C’est très déroutant au début. Il y a une phase de surprise. C’est en fait un subtil mélange pour rassurer son partenaire de jeu. S’il a été choisi à l’origine, c’est qu’il correspond au rôle et qu’il ne doit pas avoir trop de difficulté à aller chercher certaines émotions pour lire son texte. On les aide et les encourage pour qu’ils se sentent à l’aise et s’ouvre. Et de l’autre côté, il faut qu’on tienne la scène pour ne pas se faire tirer vers le bas. C’est un exercice de plus. C’est un tournage hors-norme, tous les codes sont cassés.

« Je suis encore reconnue pour d’autres séries, Cut n’a pas encore pris le dessus »

Vous tournez en huis clos et vous avez peu de contact avec la métropole pendant près de cinq mois. Comment le vivez-vous ?

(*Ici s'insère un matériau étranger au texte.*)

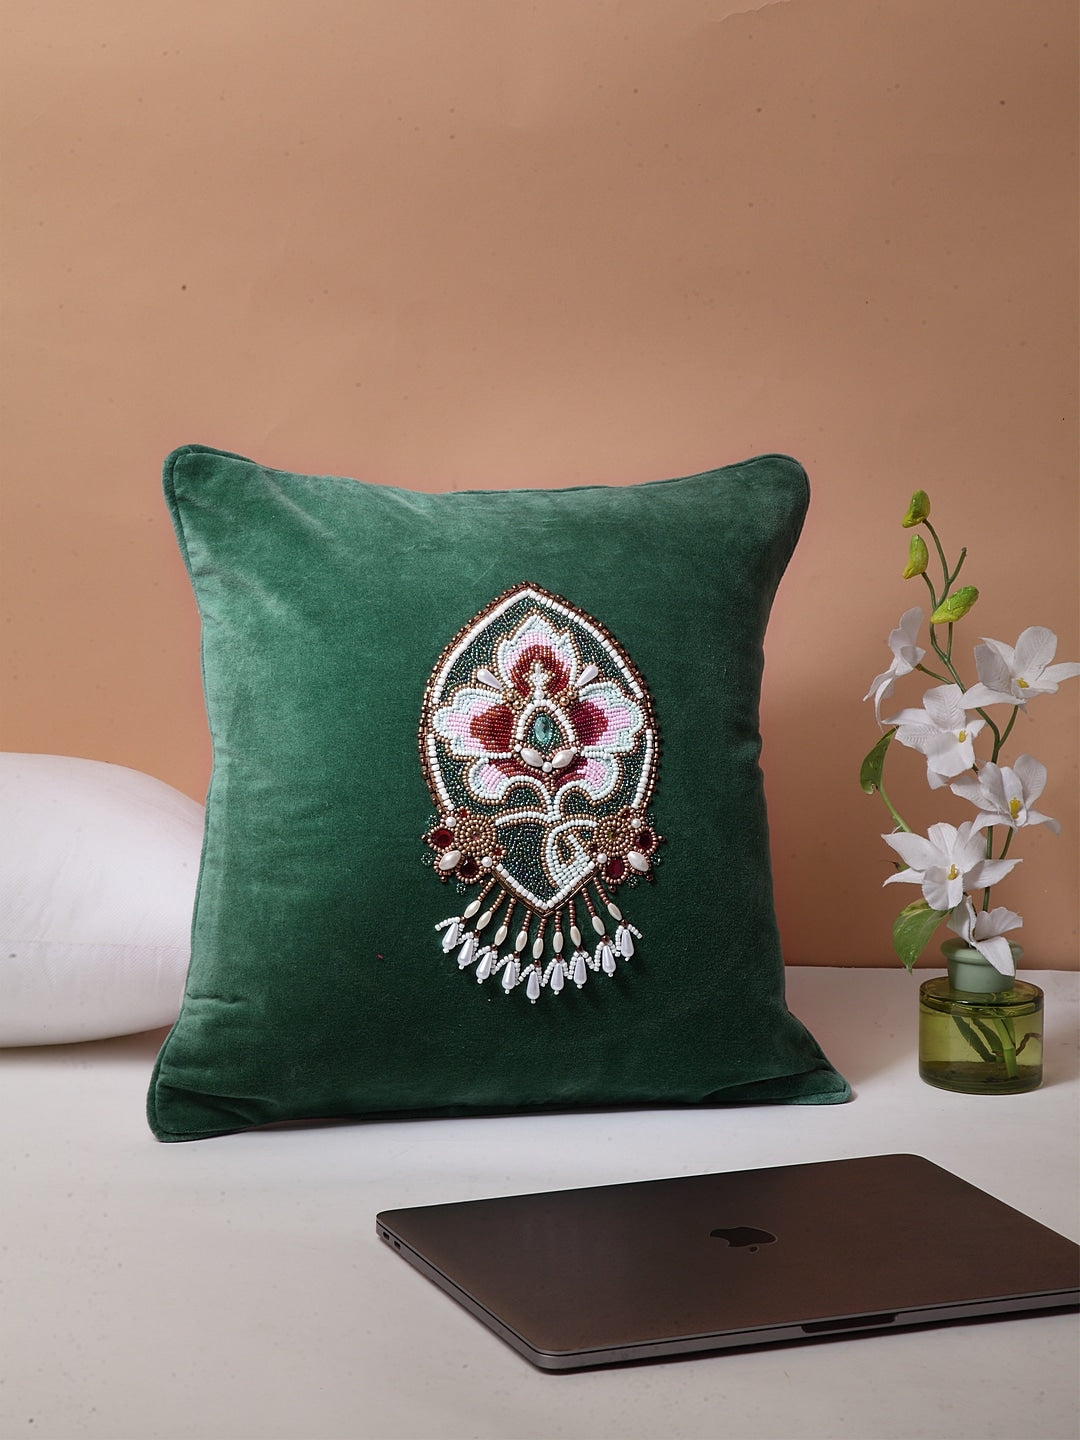 Blanc9 Chandelier Embroidered Cushion Cover

Ça se passe plutôt bien. On est très bien logé, dans de très bonnes conditions. Les paysages aident beaucoup aussi. Ça vous apaise. On s’énerve un peu contre quelqu’un, on regarde la nature, et ça passe très vite. Personnellement, je n’ai aucun problème. On peut se retrouver seul facilement et j’en ai besoin. Ça ne sera donc pas un point négatif pour une possible participation à la saison 3 en tous les cas.

Avez-vous eu des retours du public à l’issue de la saison 1 ?

Les gens sont adorables. Les retours sont positifs, surtout à La Réunion. On est souvent reconnu avec Sébastien Capgras qui joue mon fils dans la série. On n’a que des commentaires agréables.

Est-ce la même chose en métropole ?

Pas réellement. Je suis encore reconnue pour d’autres séries, Cut n’a pas encore pris le dessus. Ça reste France Ô, dont la diffusion est moins large que TF1 et M6 où il y a une vraie visibilité.

Avez-vous des projets en dehors de Cut ?

Comme on est à la Réunion pendant cinq mois, c’est difficile de passer des castings. J’aimerai bien refaire de la comédie, car c’est vrai que Laura est un peu triste (rires). J’ai vraiment envie de rigoler. J’aimerais bien qu’il y ait une saison 2 de VDM (diffusée sur NT1 en 2013, ndlr). Je voudrais également retourner vers le théâtre avec cette autre façon de faire et de travailler. Je veux aller sur d’autres aventures pour encore m’enrichir.